Thread: tsearch2 query question

tsearch2 query question

From
Anders Østergaard Jensen
Date:
Hello postgresql users, 

I have a question regarding building a tsearch2 query that does wildcard searching by default. Currently, I am using plainto_tsquery(<expr>), but it does not allow me to build more advanced search expressions. I know to_tsquery is the way to go with this, but I need some qualified assistance for building the correct query. 

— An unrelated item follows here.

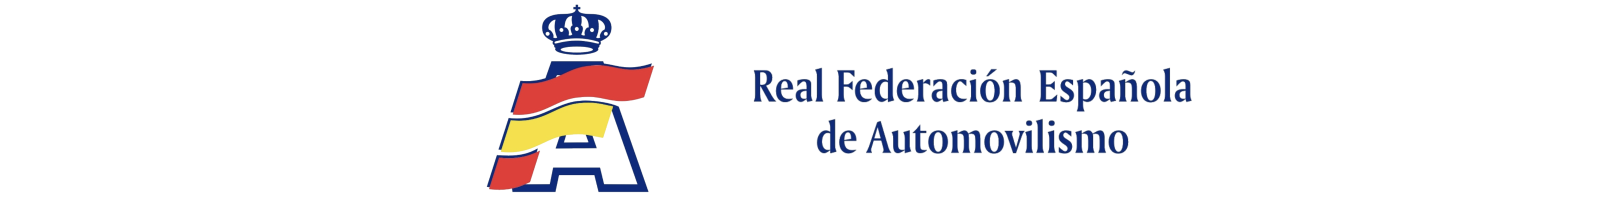 RFEDA › Real Federación Española de Automovilismo

Consider the following table: 

metabase=# \d customers;
                                           Table "public.customers"
     Column      |           Type           |                            Modifiers                            
-----------------+--------------------------+-----------------------------------------------------------------
 id              | integer                  | not null default nextval(('"customer_id_seq"'::text)::regclass)
 name            | character varying(255)   | not null
 description     | text                     | 
[...] 
search_idx      | tsvector                 | 

search_idx is a tsvector with an ON INSERT OR UPDATE trigger, which automatically updates the search vector as a combination of name and description. No black magic there. 

Now, let's start out with a classic, non-tsearch2 ILIKE query with two wildcards around the search token:
metabase=# select id, name from customers where name ilike '%holstebr%'; 

CASE #1:
  id  |       name        
------+-------------------
 3646 | Holstebro Kommune
(1 row)

I am trying to do the same exactly with tsearch2 but with no luck: 

CASE #2:
metabase=# select id, name from customers where search_idx @@ to_tsquery('*Holstebr*');
 id | name 
----+------
(0 rows)

How do I formulate the input for to_tsquery so that it returns the same as (1)? And subsequently: how do I handle spaces in between, fx. so that 'holstebro komm*' yields 'holstebro kommune'?

If people have any example of expression builders they put on top of their SQL queries, I would love to see it. I know that this has been done before. 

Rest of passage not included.